Two of Obama’s staff members, who’d planned to sit in and take notes, were miffed when the intelligence director asked them to leave; so was the candidate. But the session proceeded in a cordial enough way, Obama saying that he didn’t want to hear anything about Iraq or Afghanistan, he had his own ideas on those wars; what he really wanted to discuss was terrorism.
McConnell went through the threats posed by a
l Qaeda and its affiliates, the various plots, some only barely disrupted, at home and abroad. Obama, who’d been a junior member of the Senate Foreign Relations Committee but had never heard such a detailed briefing from such a high-level intelligence official, was fascinated. At this point, fifty minutes had passed, more time than his aides had scheduled, but Obama was settling in; he asked McConnell what else he had in his briefing book.
Glad to oblige, the intelligence director told the next president about the status of North Korea’s plan to detonate an A-bomb, Iran’s program to build one, and Syria’s atomic reactor in the desert. (Israel had bombed it a year earlier, but Assad was still in touch with his Pyongyang suppliers.) This took up another twenty minutes.

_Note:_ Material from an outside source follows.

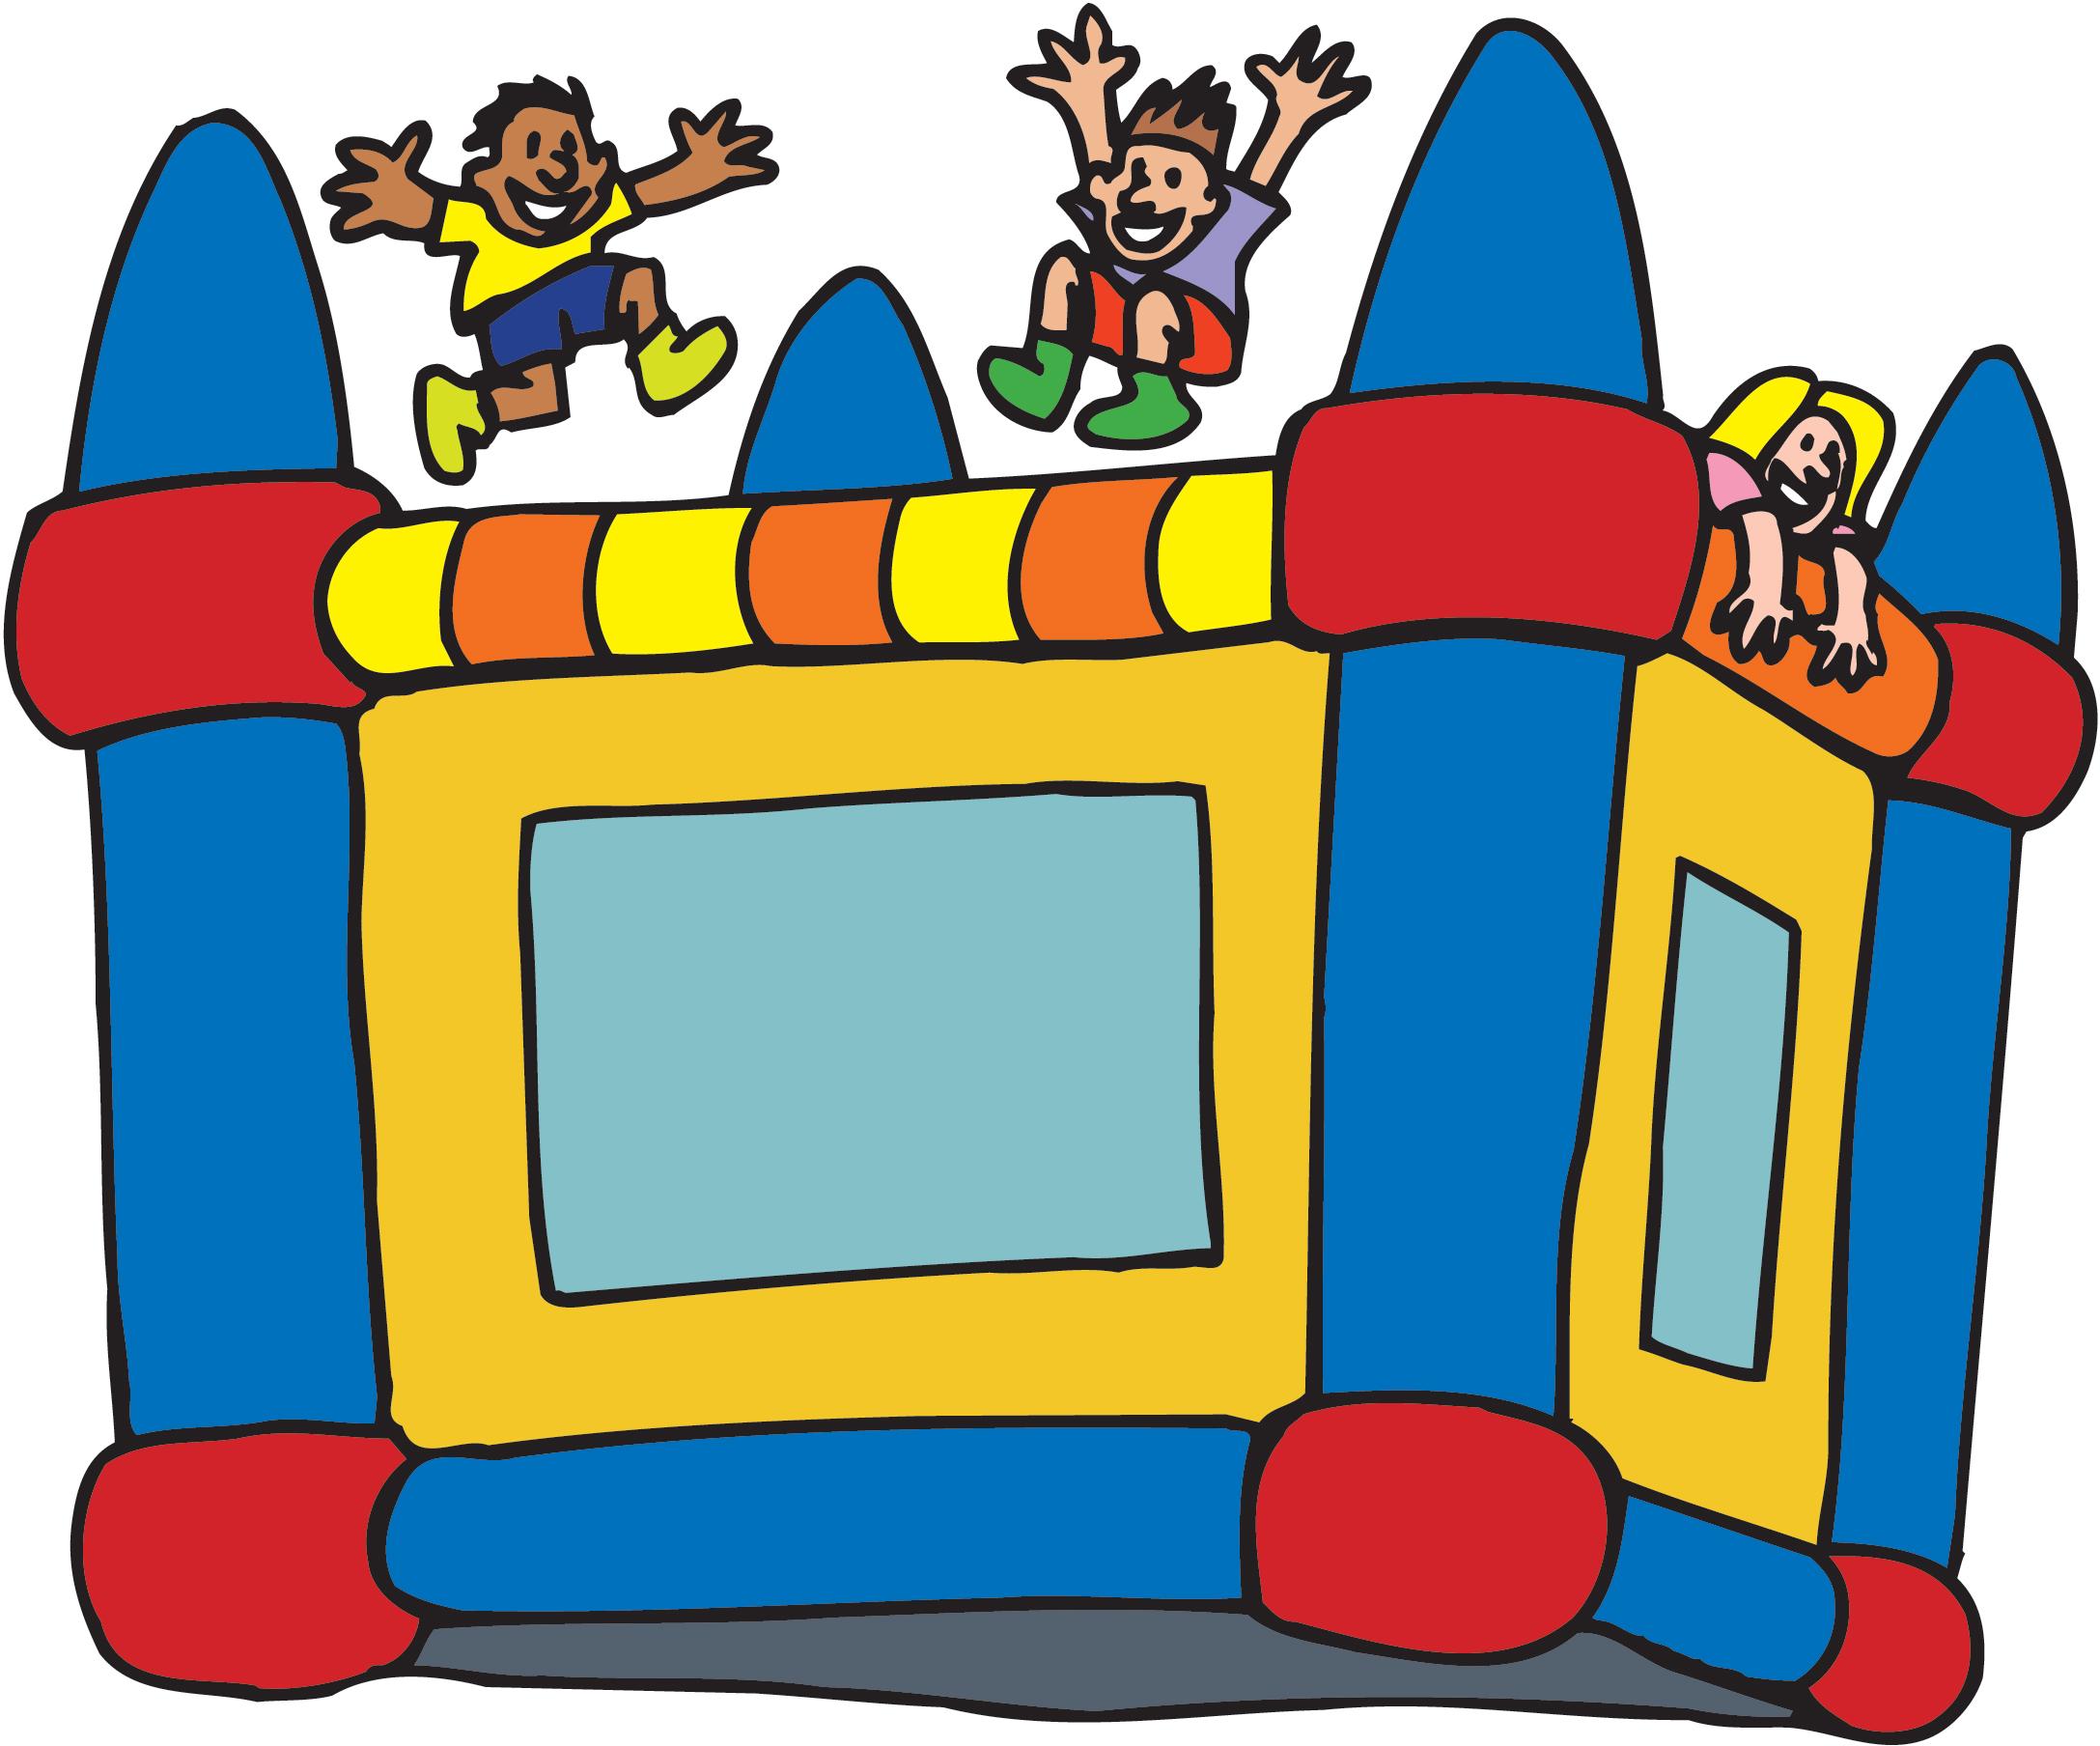 Free bouncy castle clipart clip art freeuse library Bouncy Castle Clipart   Free download best Bouncy Castle Clipart on ... clip art freeuse library

Obama told him to go on.
And so, just as he’d done when Bush approved the Iraq cyber offensive plan after ten minutes of a meeting that had been scheduled for an hour, McConnell turned to the topic of his deepest worries. Earlier in the year, U.S. officials had alerted both Obama and McCain that China had hacked into their campaign computer systems, rummaging through their position papers, finances, and emails.
“They exploited your system,” McConnell said. “What if they’d destroyed it?”
“That would have been problematic for me,” Obama replied.
“Imagine,” McConnell went on, warming up to his theme, “that they could destroy our critical infrastructure.”
Obama, seeing where the director was headed, said, as if completing his sentence, “That would be problematic for the nation.”
“That’s the danger,” McConnell said, and then he stepped into his well-rehearsed summation of the nation’s vulnerabilities and the ability of many powers, not just China, to exploit them.
At its conclusion, Obama told McConnell to come see him again in the first week of his presidency.